**Work instruction**
Write every line below out again, exactly as given, but leave out the pictures.

**Data below**
***
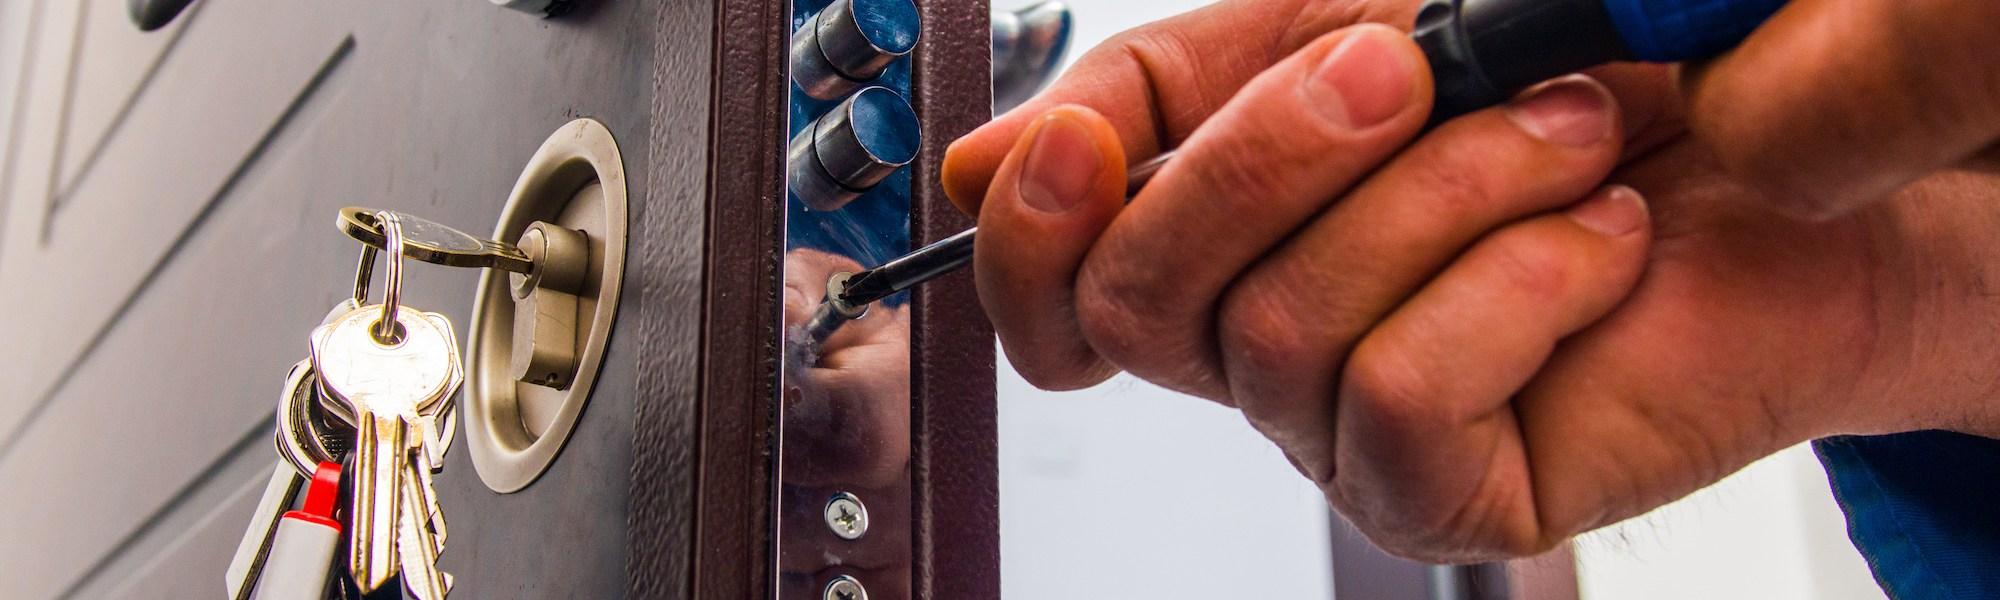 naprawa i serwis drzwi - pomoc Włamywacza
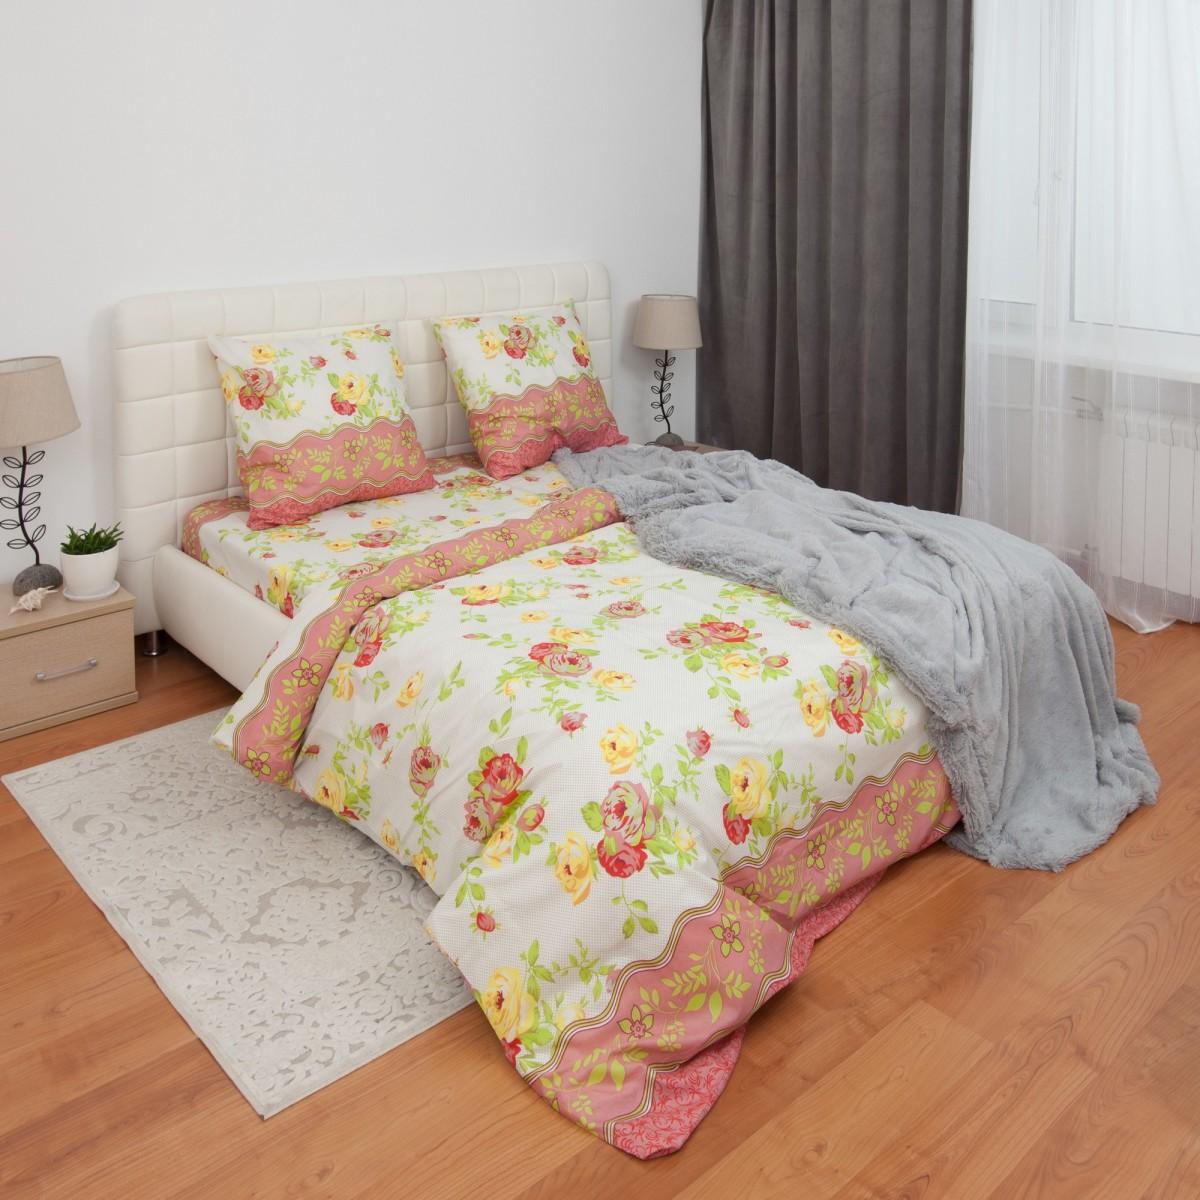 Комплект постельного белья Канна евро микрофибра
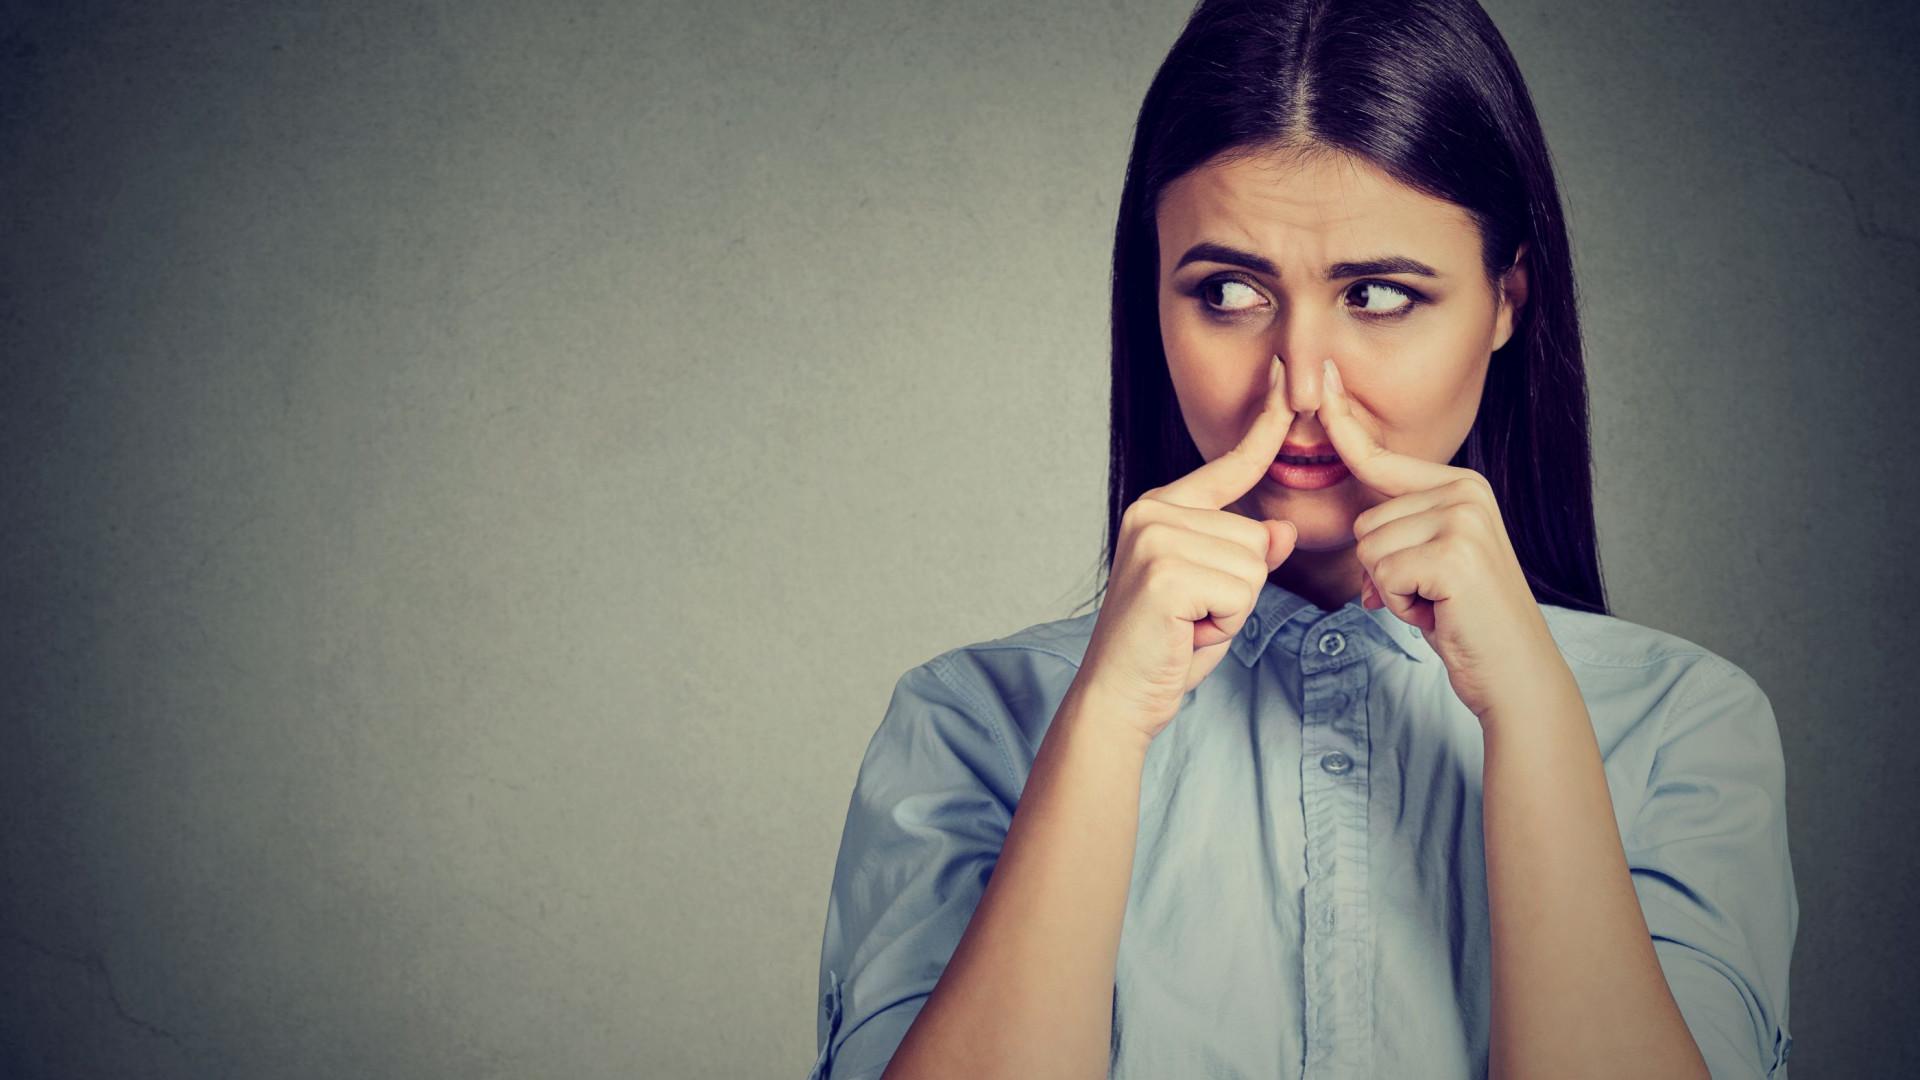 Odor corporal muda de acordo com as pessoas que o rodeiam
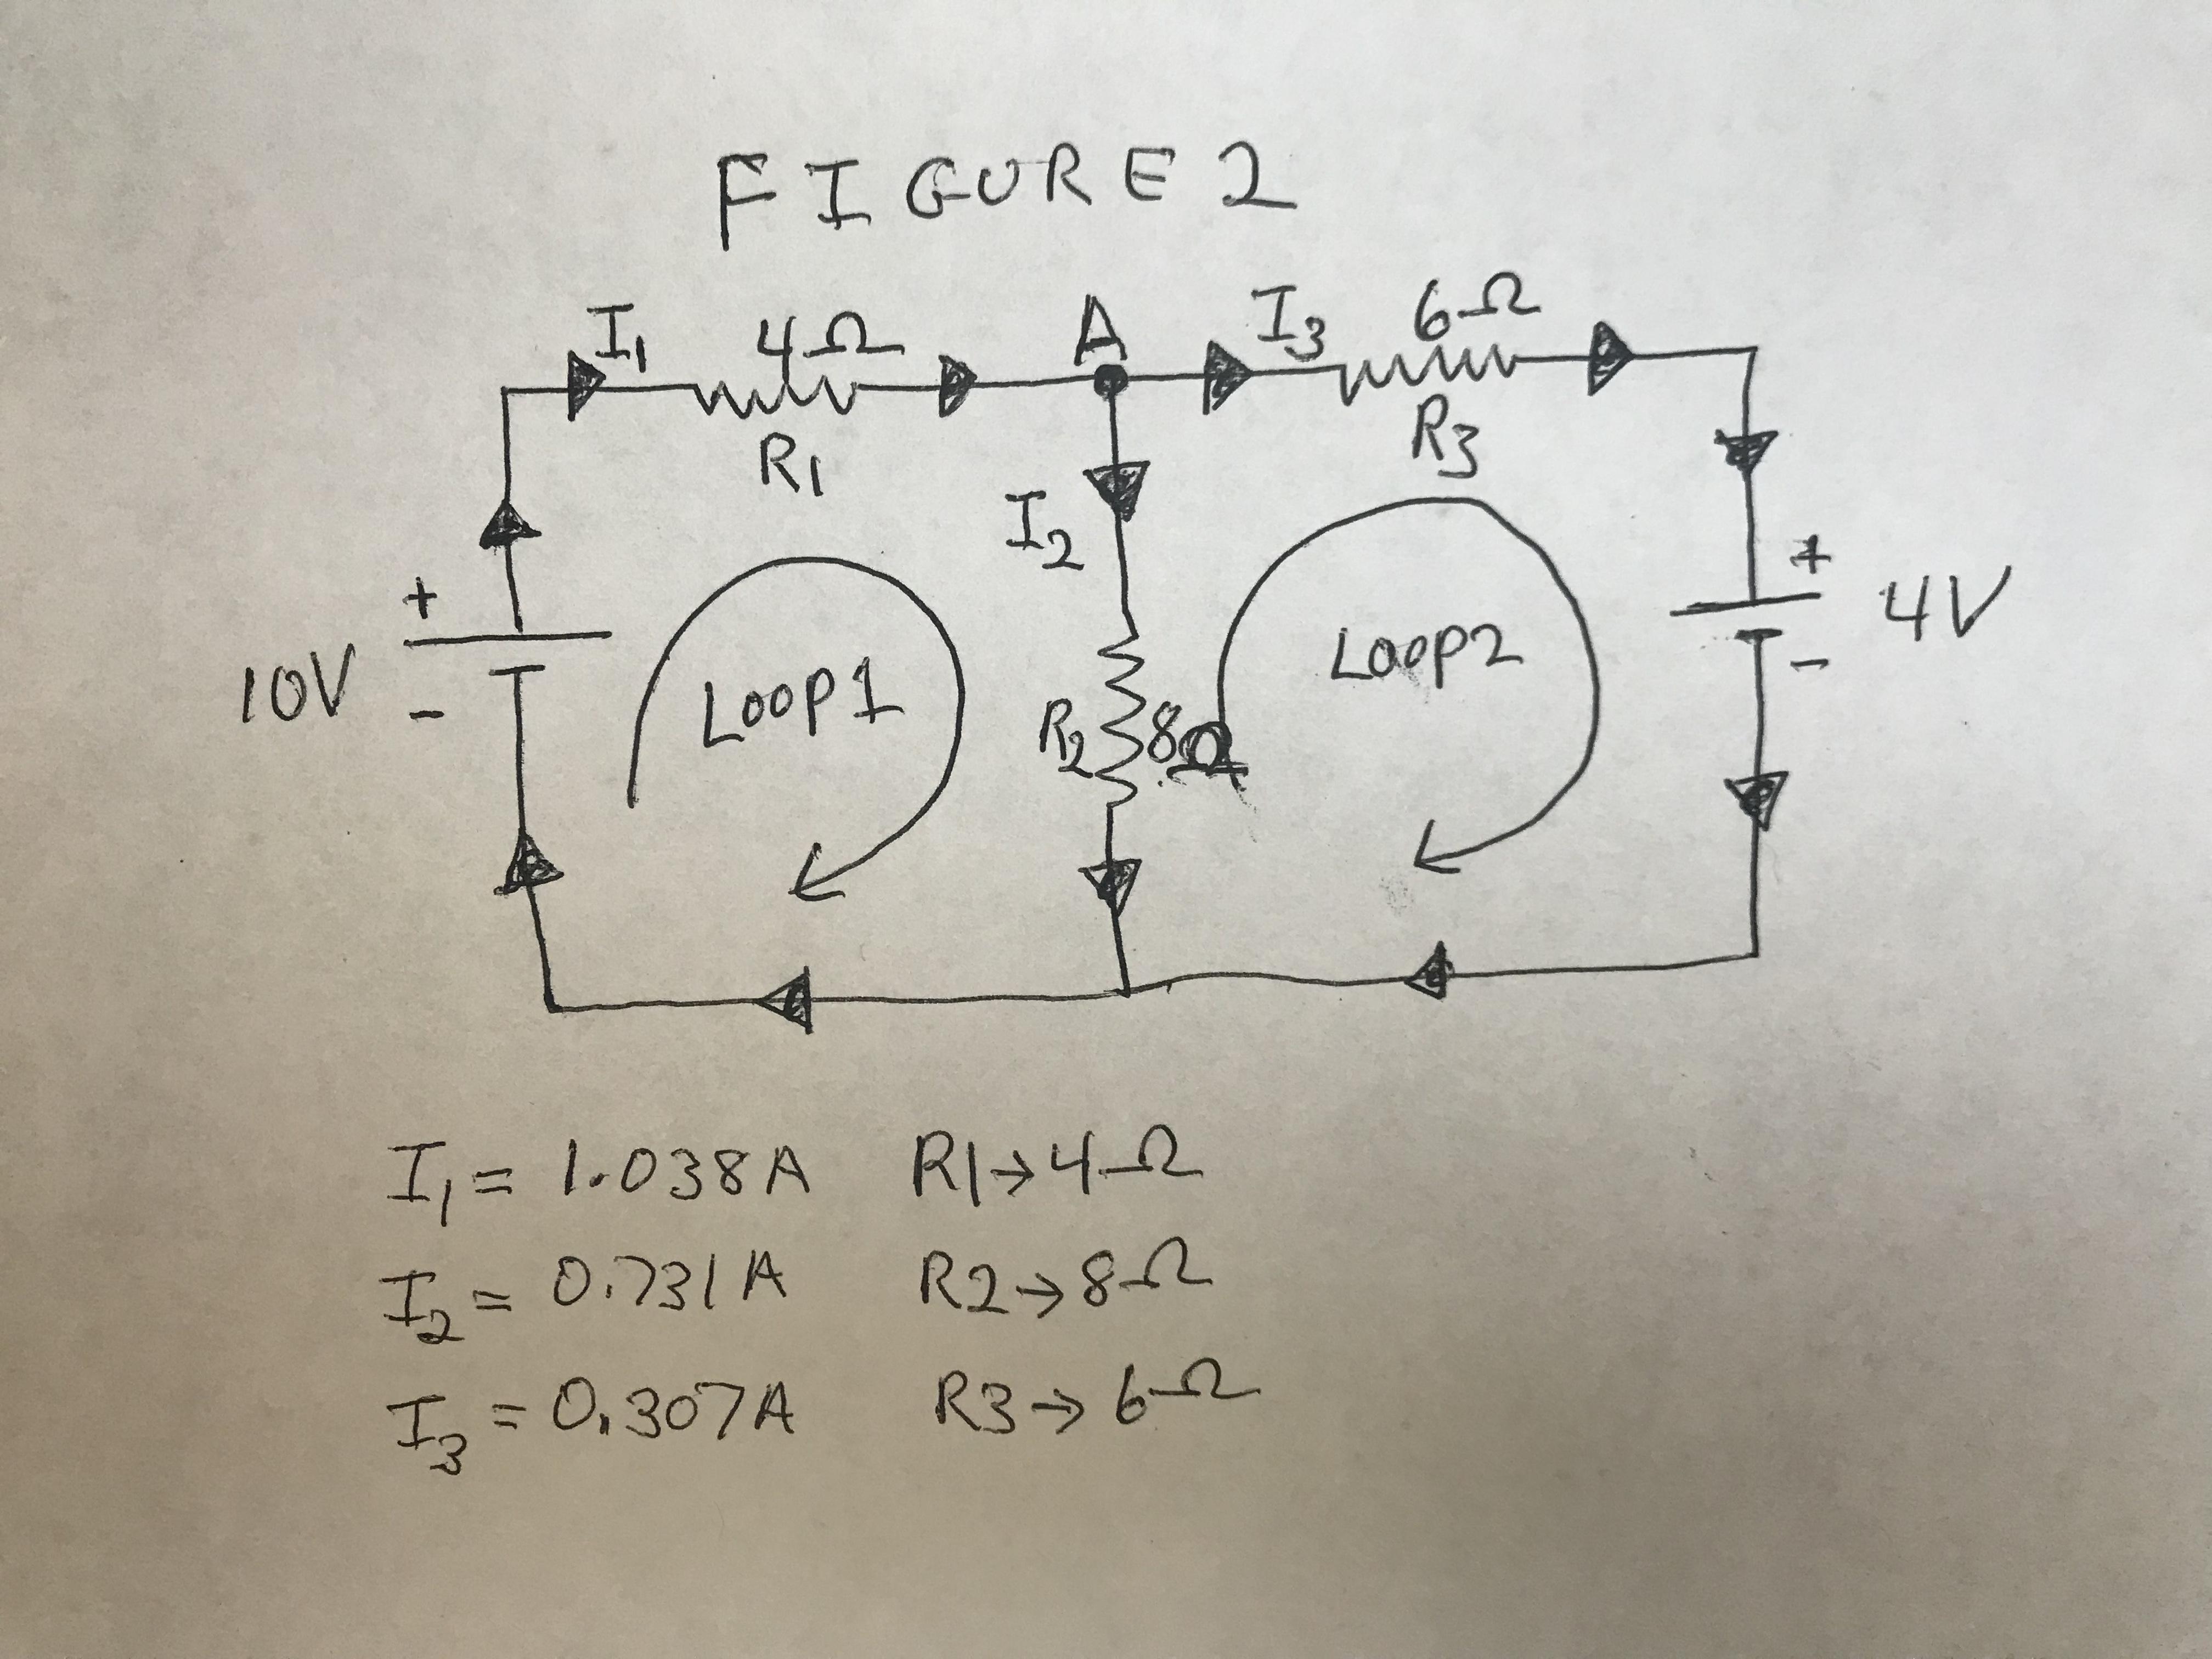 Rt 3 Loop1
***
**Result of the task**
 naprawa i serwis drzwi - pomoc Włamywacza
 Комплект постельного белья Канна евро микрофибра
 Odor corporal muda de acordo com as pessoas que o rodeiam
 Rt 3 Loop1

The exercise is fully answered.